# Aluminum Cable



## Technologic (Jul 20, 2008)

iss407 said:


> Aluminum is very conductive, light and inexpensive, expecially compared to copper prices today. Aluminum is lighter than equivilant copper wire with the same current capacity. Aluminum is used for high-voltage, high-current power distribution in large quantities. What about using it in electric vehicles? I know about cu-al galvanic issues, but I am planning to use it, along with heavy-duty lead battery terminals between batteries and to connect the battery pack in the trunk with the one under the hood, and then to the controller. No copper interconnects except possibly at the contactor. Any corrosion isn't going to occur quickly, it takes time and I will be able to see it before any problems get dicey.
> 
> I was looking at making solid aluminum bar connectors between batteries, but the lead terminals and a short piece of 3/0 or 4/0 cable would work better and allow for thermal expansion and vibration. I plan to run rugged, sealed plastic conduit from the trunk to the front battery pack.
> 
> If I'm overlooking something, let me know. I want to stop by the local recycler tomorrow and see if they get scrap overhead aluminum cables in good condition. The stuff comes in 1000-ft rolls and I know the installers can't use smaller, left-over pieces from the end of the cable. They must do something with it.

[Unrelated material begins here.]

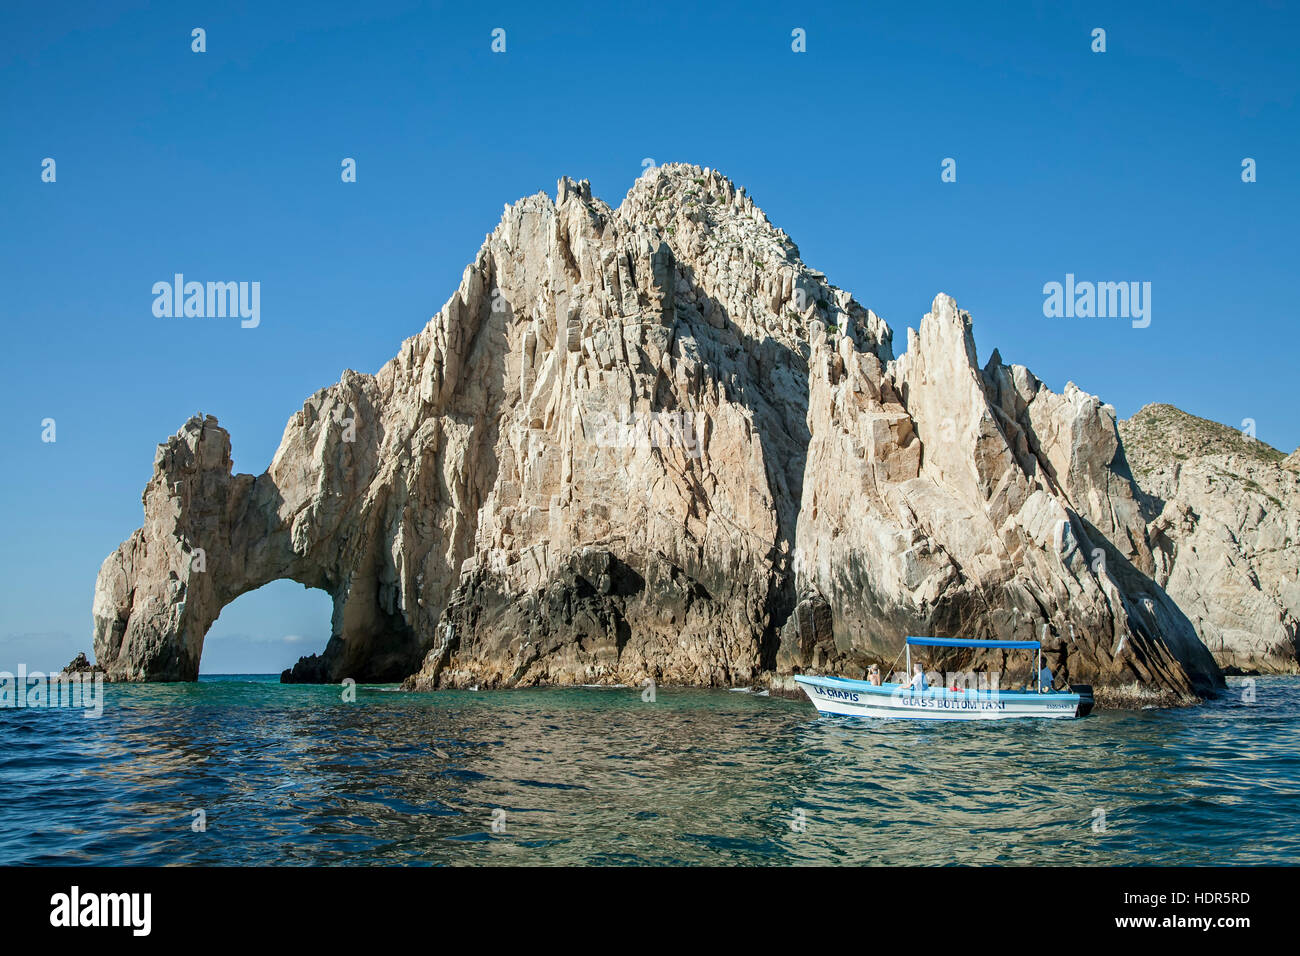 Panga (petit bateau) en El Arco (l'arche), la formation de granite près de Cabo San Lucas, Baja California Sur, Mexique Banque D'Images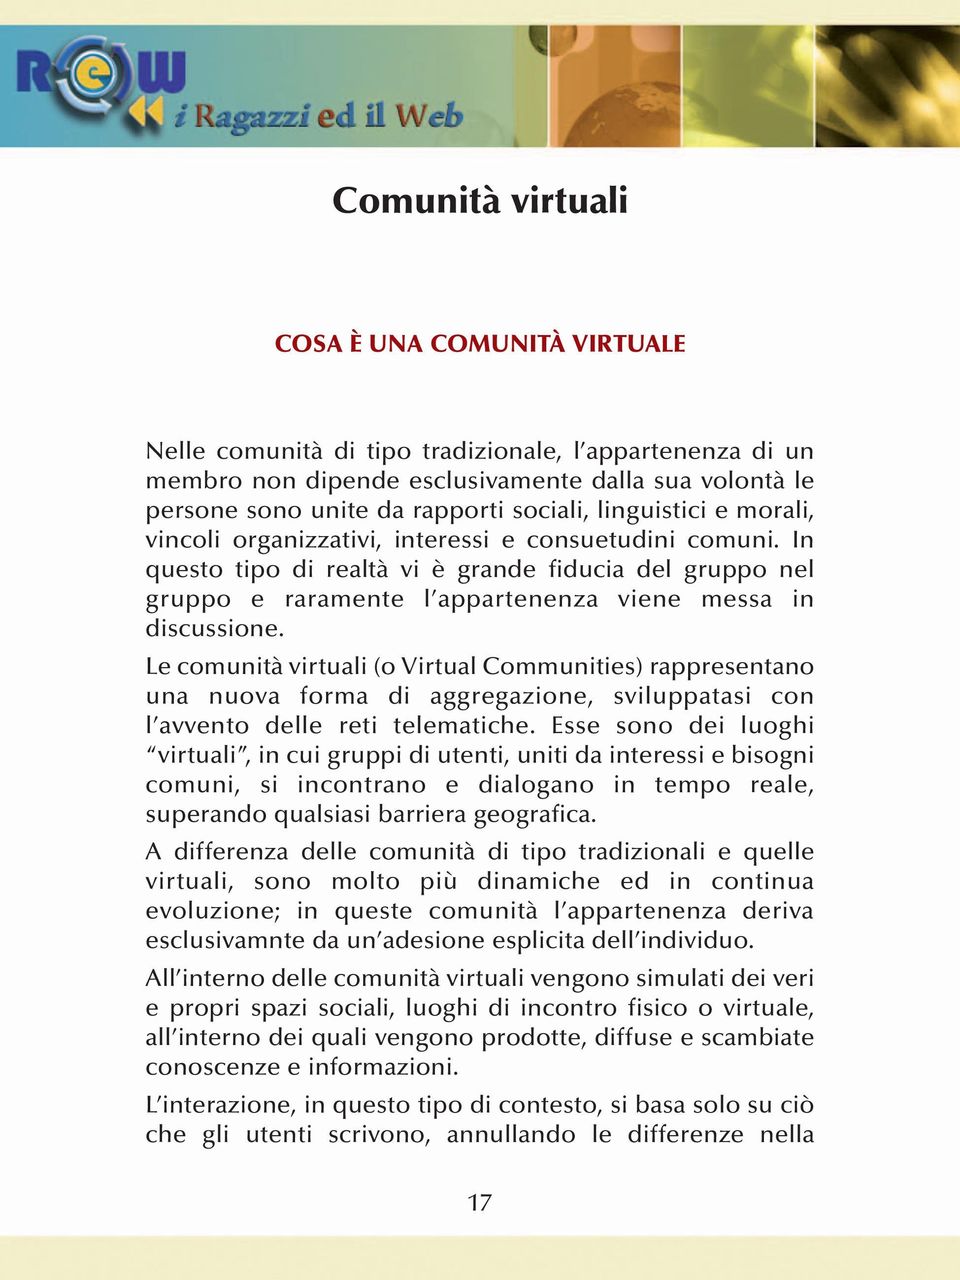 Le comunità virtuali (o Virtual Communities) rappresentano una nuova forma di aggregazione, sviluppatasi con l avvento delle reti telematiche.

When you run electricity through aluminum it will start to build up aluminum oxide on the surface quicker than normal. Aluminum oxide is extremely electricly insulative. I'm not sure how you plan to bond the terminals, but make sure the bond is near air tight and you should be fine... crimping the bar into the "contactor" is a must.


----------



## engineer_Bill (Jun 24, 2008)

Aluminum is lower on the galvanic scale than copper, and lead. When attaching aluminum wires to lead terminals the aluminum will experience galvanic corrosion. When connecting copper wires to lead the lead experiences galvanic corrosion especially on the POS terminal. The NEG counteracts some of the corrosion effects. I would not use aluminum for an EV application. In high voltage, high power circuits. The aluminum can be connected to airtight terminals that are made of a neutral alloy and coated with a compound that inhibits corrosion and keeps moisture out. In a car you will be subjected to vibration, low voltages and high currents, and humidity. IN a low voltage even a small amount of resistance will kill the connection. Copper is not THAT expensive for the 10-20 ft you need. Use the aluminum for something else, or you will regret the day. A high resistance junction can get hot enough to melt causing a vehicle fire or extensive (expensive) damage. I have relatives who work in the Aluminum industry so by all means use all the aluminum you can, just not for pack jumpers. Make your car out of aluminum, just use copper wire.


----------



## TX_Dj (Jul 25, 2008)

Additionally, large gauge Al wire, in my experience, is of the sort with large wires inside making up the greater conductor. The thicker the wire that makes the cable, the less flexible and vibration resistant it is as a whole. You need lots of flex and vibration resistance for a vehicle application.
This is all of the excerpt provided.